Bugün geldiğimiz noktada, destanların, mesellerin, kıssaların hep bir doğruya ve hikmete çağıran dilini yitirmiş durumdayız. Öykü bir dil ve imkân olarak belki de bugün, bu dille buluşmamıza müsaade etmiyor. Günümüz sanatçısı da ister istemez, belki bir arayışın da uzantısı olarak açık uçluluğa sığınmak zorunda kalıyor. Öykü, finalde iyilerin kazandığı, kötülerin tarumar olduğu bir metin olmaktan çıkmış durumda. Bugünün öykü yazarları daha çok okuyucuda devam eden çağrışımlarla, okuyucunun zihninde, muhayyilesinde sona erecek eserler vermektedir. Bu, zamanın değişim ve dönüşümünün bir gereği de olabilir.
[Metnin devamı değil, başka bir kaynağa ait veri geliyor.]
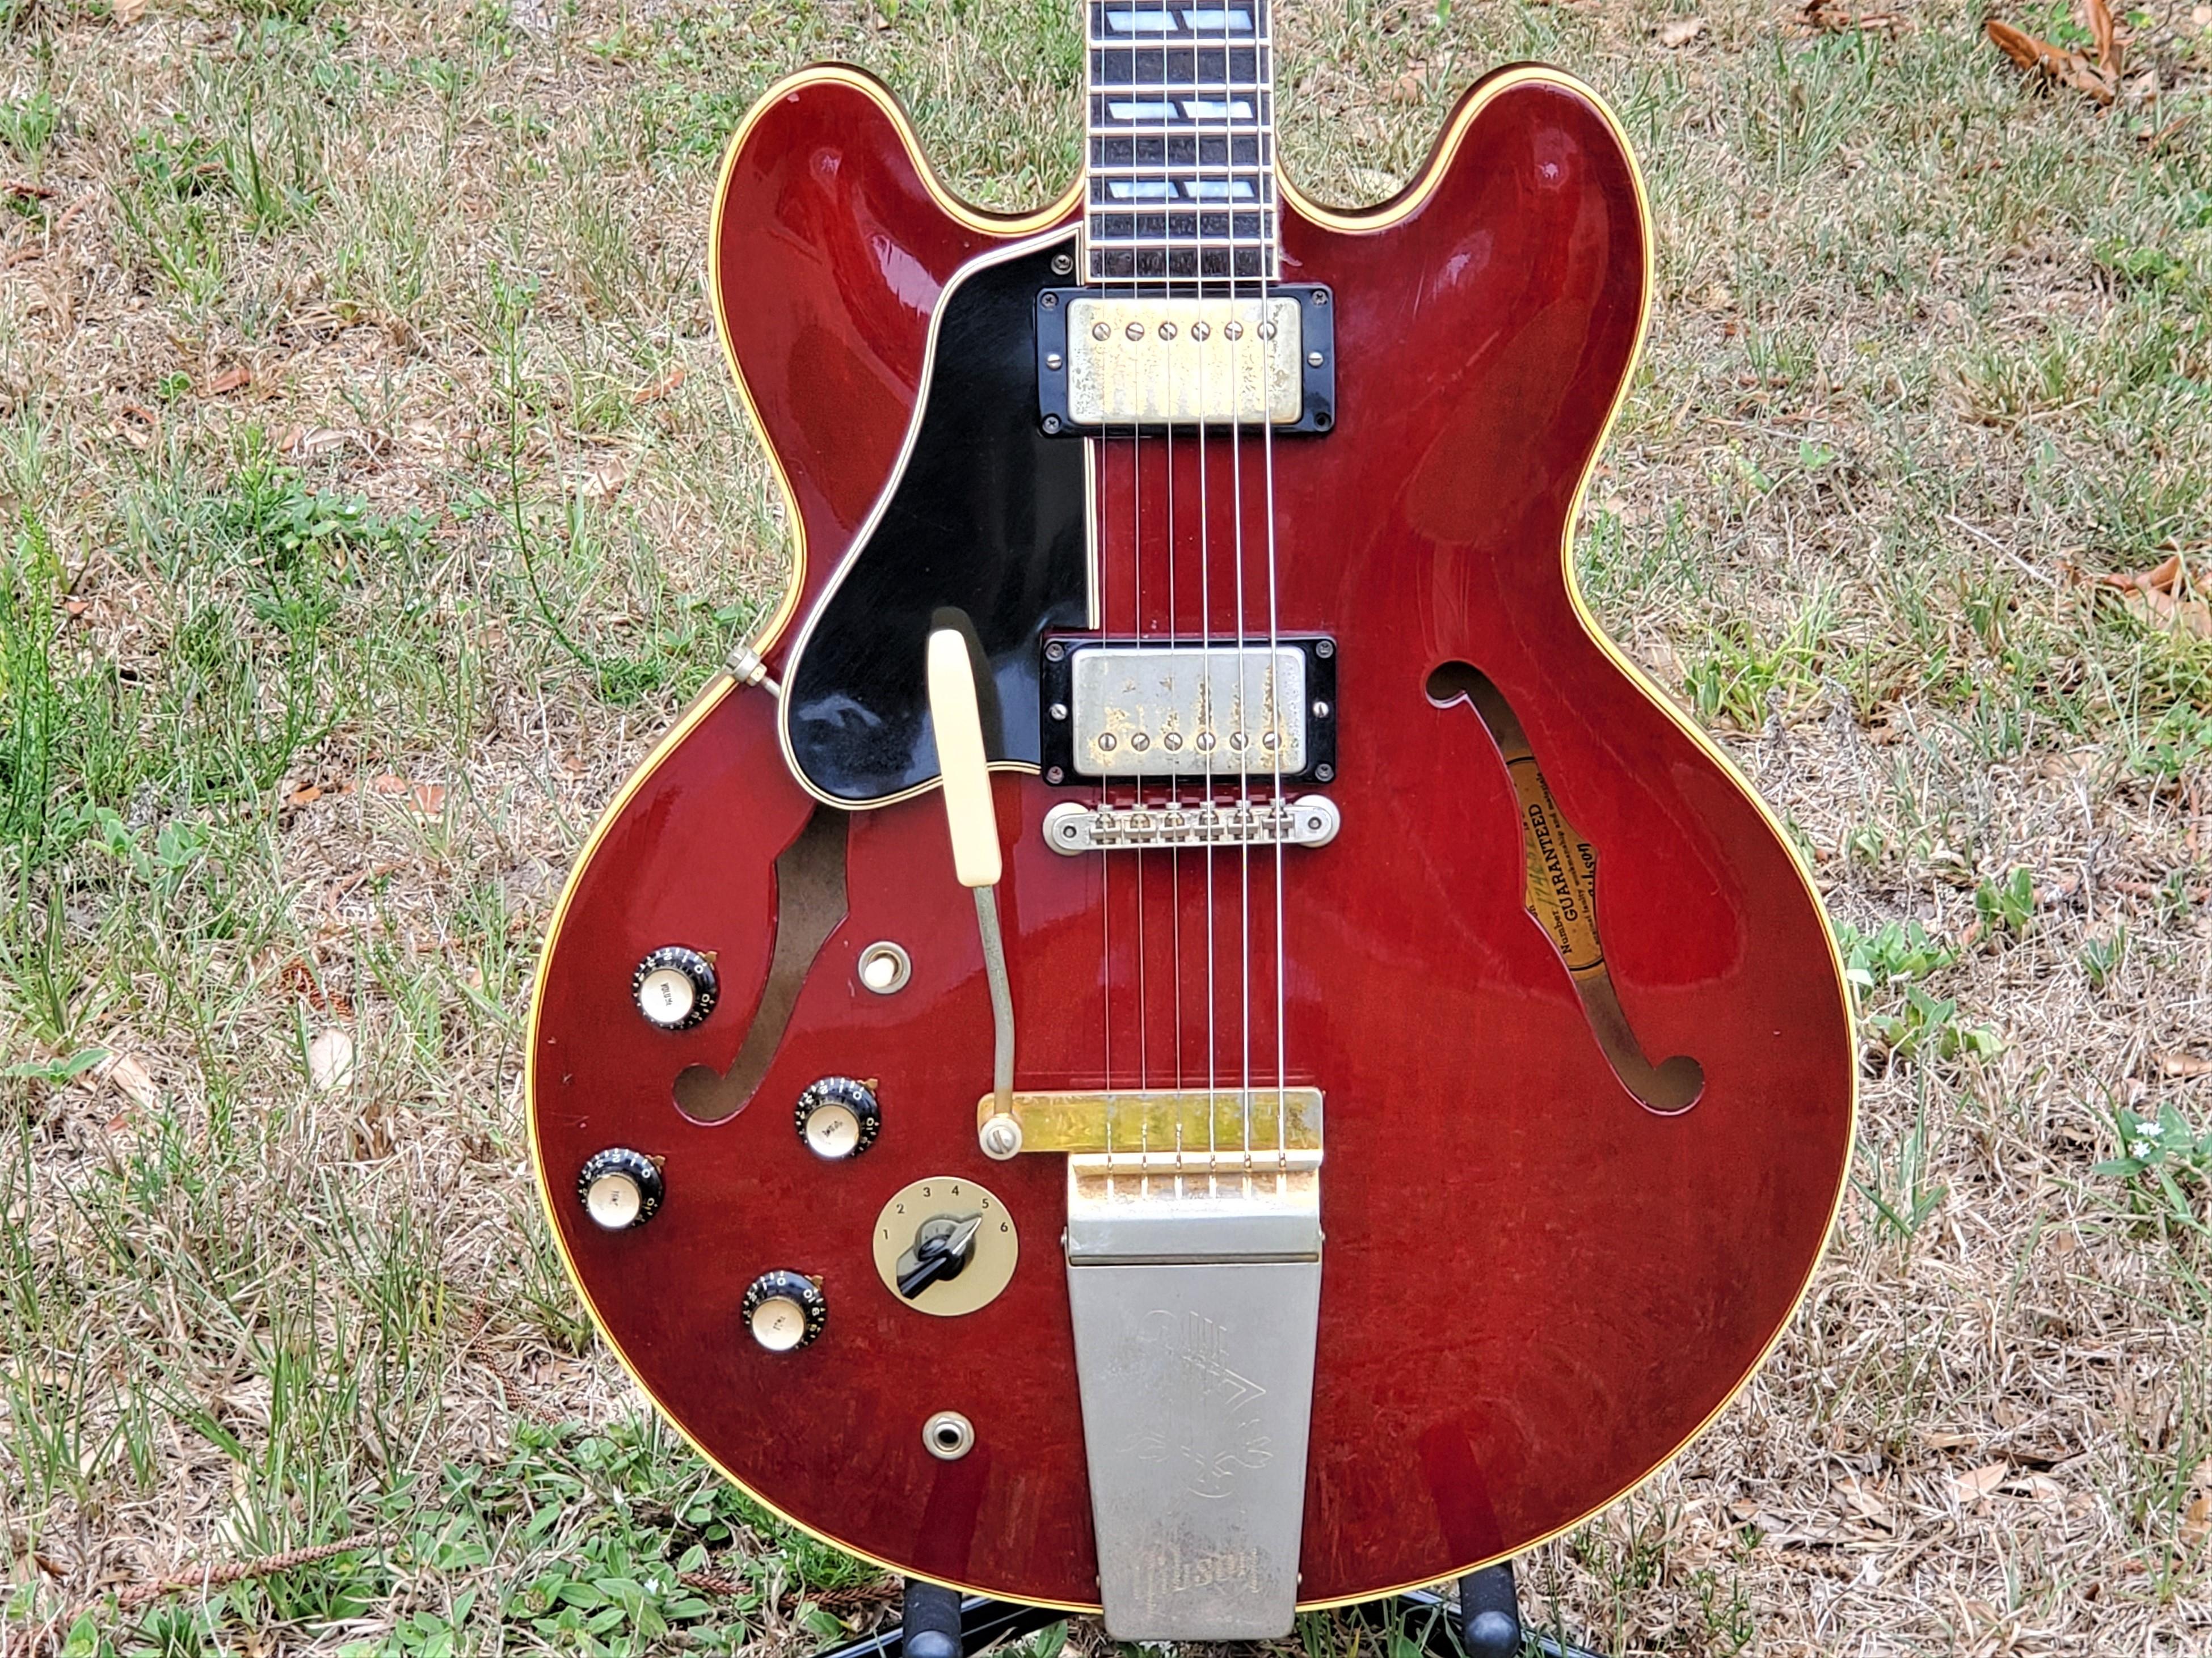 1967 Gibson Sg Wiring Harness Wiring Diagram Forward

Ancak burada dikkat edilmesi gereken asıl mesele, hikayeyi yeniden asli mecrasına döndürmeye çalışmak olmalı. Ana hikayeden kopan insanlık, her geçen gün daha da batağa saplanmaktadır. Atılan her kurşun, boğulan her mülteci, açlık çeken her insanla biraz daha yara almaktadır. Bu duruma bile isteye sebep olan sistemle, asıl hikayesini yitirmiş ve şeytanın uşağı olmuş insanlarla mücadele, ancak, yine bizatihi iyinin ve güzelin ikamesiyle mümkün olur. Burada kötülüğe yapılacak atıf sadece iyiliğin öne çıkması ve yükseltilmesi için olmalıdır.
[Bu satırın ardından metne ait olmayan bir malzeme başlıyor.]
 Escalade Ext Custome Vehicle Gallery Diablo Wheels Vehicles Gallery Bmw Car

Bu bir arayış ve çalışma işidir. Kötü ve kötülüğe göre tavır almadan kendi doğrularımıza daha fazla sarılmamız gerekir. Çünkü iyiliğin yanında yer almak zaten kötülüğün karşısında olmaktır. “Sizden; hayra çağıran, iyiliği (marufu) emreden ve kötülükten (münkerden) sakındıran bir topluluk bulunsun. Kurtuluşa erenler işte bunlardır.” (3 / Âl-i imrân: 104) Böylece öncelikli olarak kendi hikayemize dönmede ısrar etmiş oluruz. Dini, dili, milliyeti, ırkı, cinsiyeti ne olursa olsun insanın yanında yer alan bir sanat anlayışı, kötünün ve kötülüğün karşısında muhkem bir kale gibidir. Tersi, sanat için her türlü pisliği mubah saymak olur ki, bu zaten ana hikayeden kopuşun varacağı en son noktadır.

İyiliğe çağıran, atıf yapan her metin ana hikayeye bir dönüş çabasıdır. Bugünün sanatı, ana hikayeden kopuşu en aza indirmek ve insanlığı sürekli olarak asli hikayesine çağırmak zorundadır diye düşünüyorum.